**Aim of the task:** Transcribe exactly the lines that fall between the one holding "Szczecin - coat of arms" and the one holding "WD-C中空LOL雷电竞雷电竞备用网站详情介绍", inclusive, from the entries below.

[Opening Input for this task section]

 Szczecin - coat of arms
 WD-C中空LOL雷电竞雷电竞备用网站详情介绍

[Closing Input for this task section]
[Opening Input for this task section]

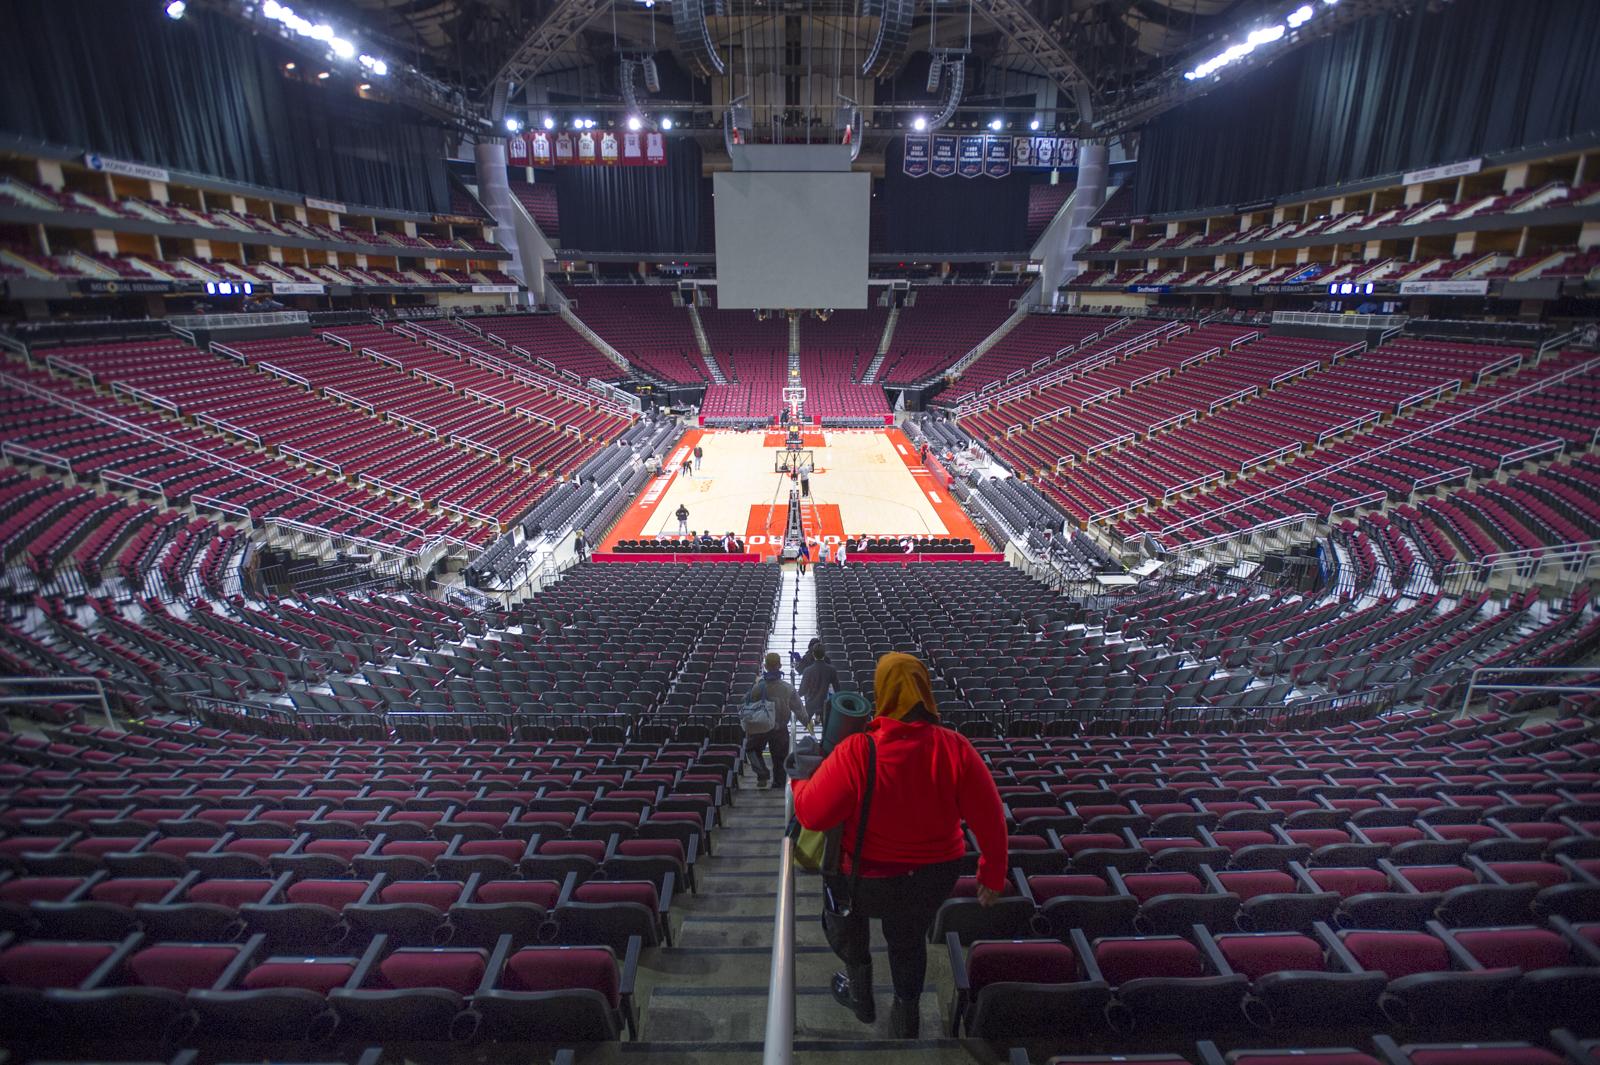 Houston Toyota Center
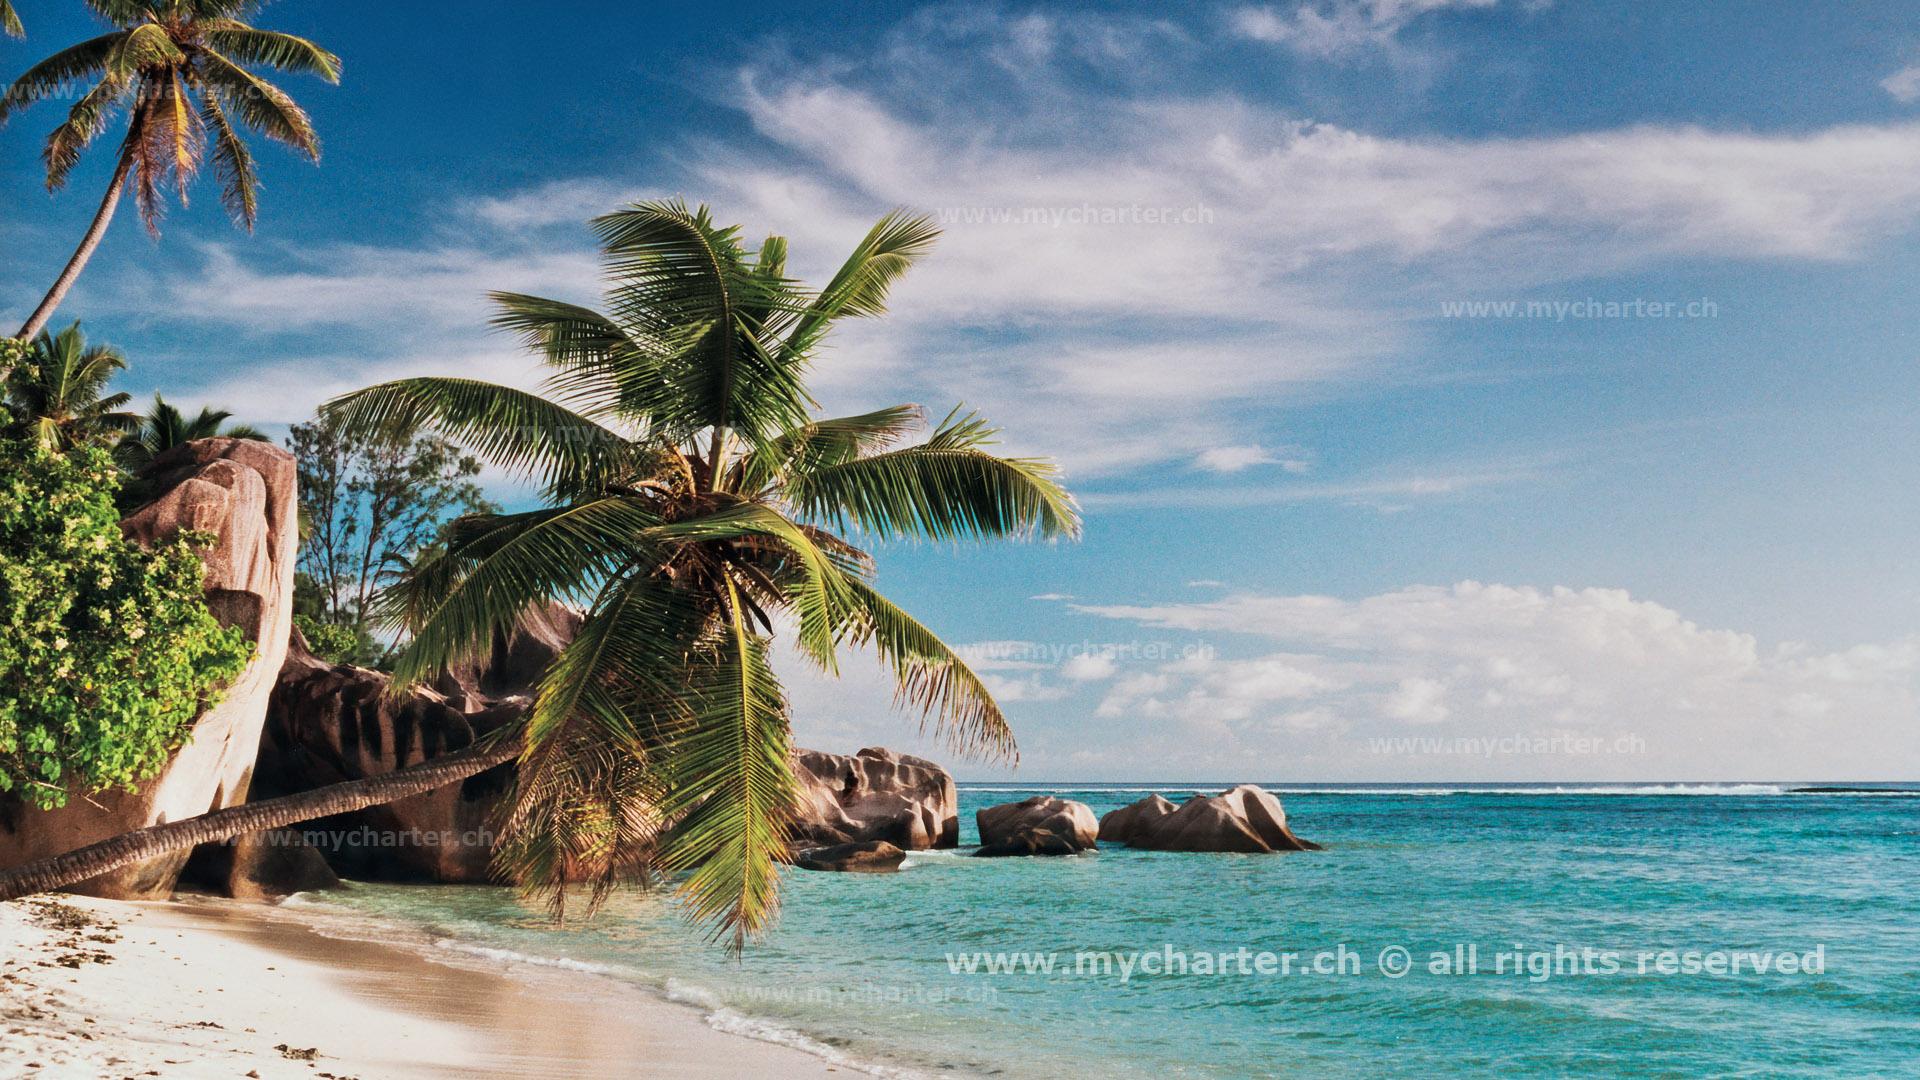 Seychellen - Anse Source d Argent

[Closing Input for this task section]
[Opening Input for this task section]

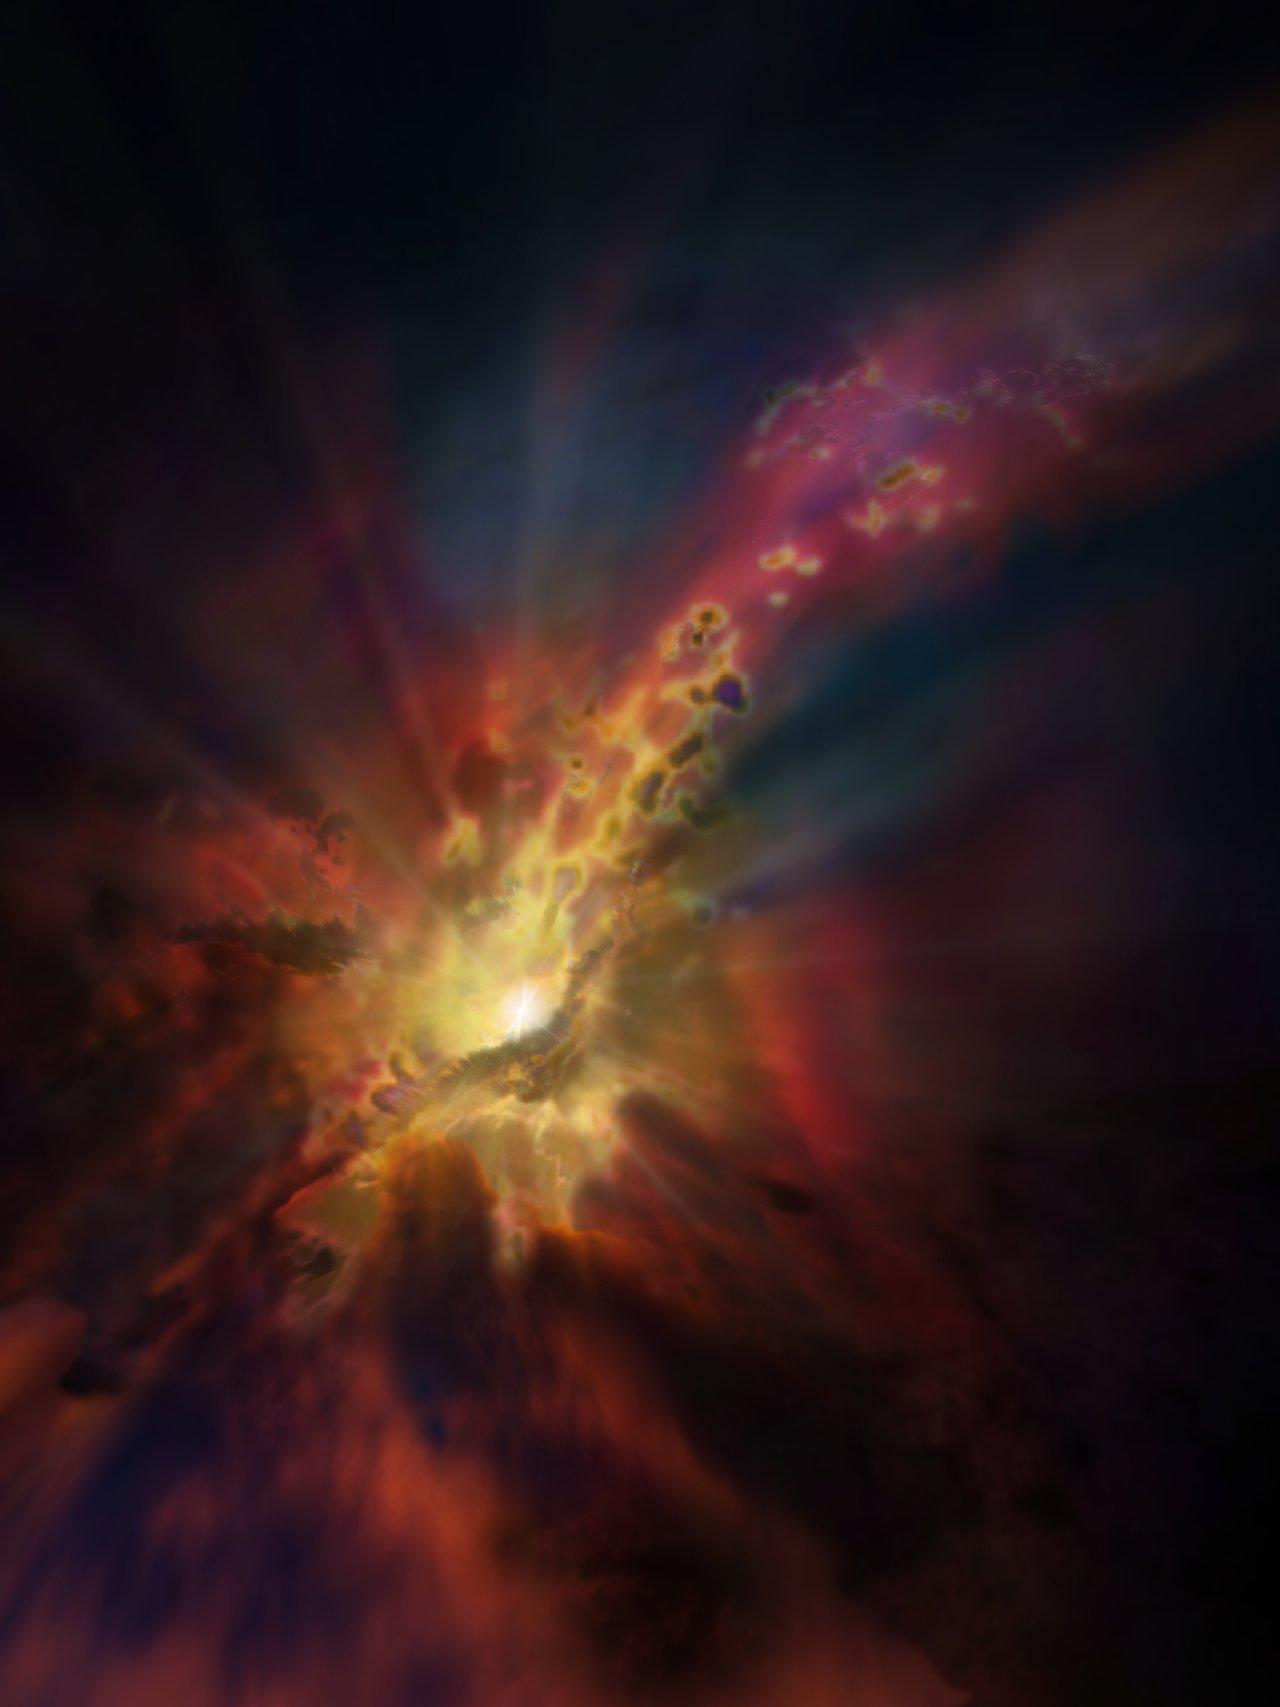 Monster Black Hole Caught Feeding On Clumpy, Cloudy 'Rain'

[Closing Input for this task section]

**Answer section:**
 Szczecin - coat of arms
 WD-C中空LOL雷电竞雷电竞备用网站详情介绍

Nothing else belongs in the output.